I have pulled out the dma_wait() for completion as a separate function. You can see that the dma() operation has only added an extra 5us to the work done. i.e. you can either do something useful or waste time waiting for completion.

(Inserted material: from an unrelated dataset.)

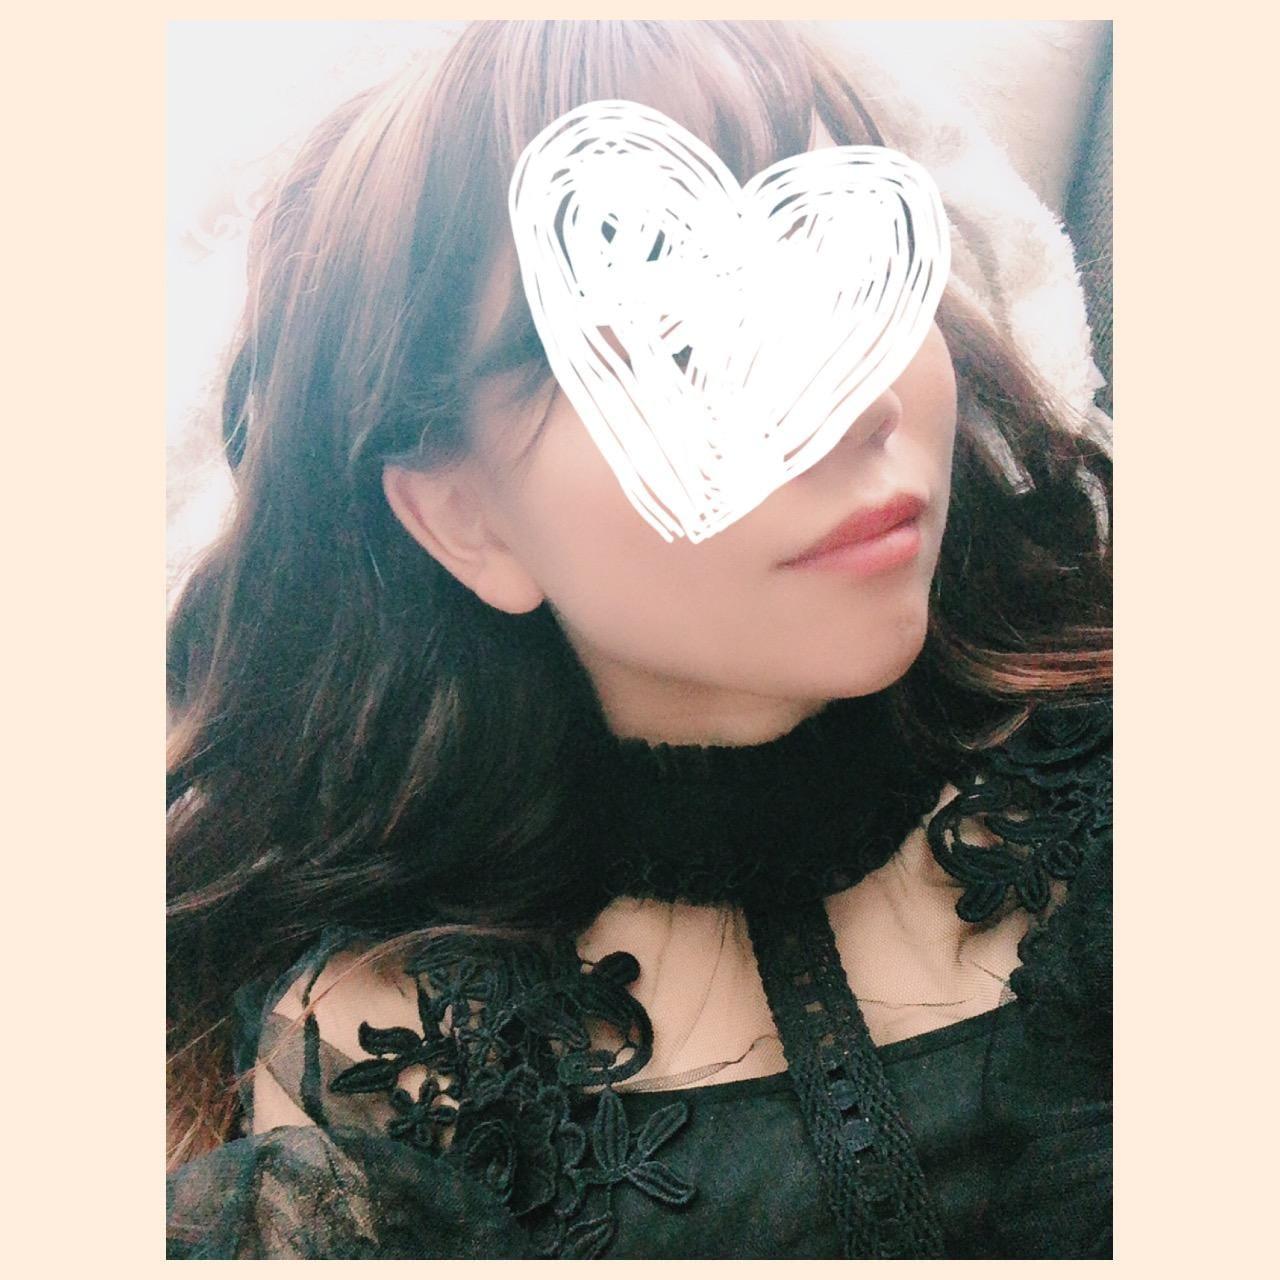 「ミレン♪短い時間ですが宜しくお願い致します♪」09/11(火) 16:12 | 美恋(ミレン)の写メ・風俗動画

I have made no attempt to see what code is generated. It appears that do_shovels() and do_steps() don't make much difference to the DMA. It obviously finds cycles to access the memory bus.

David.

Updated the github sketch to do WORD (32-bit) DMA, that improves copy rate to 192 mbs (43us to copy 1024 bytes) versus 42 mbs for memcpy().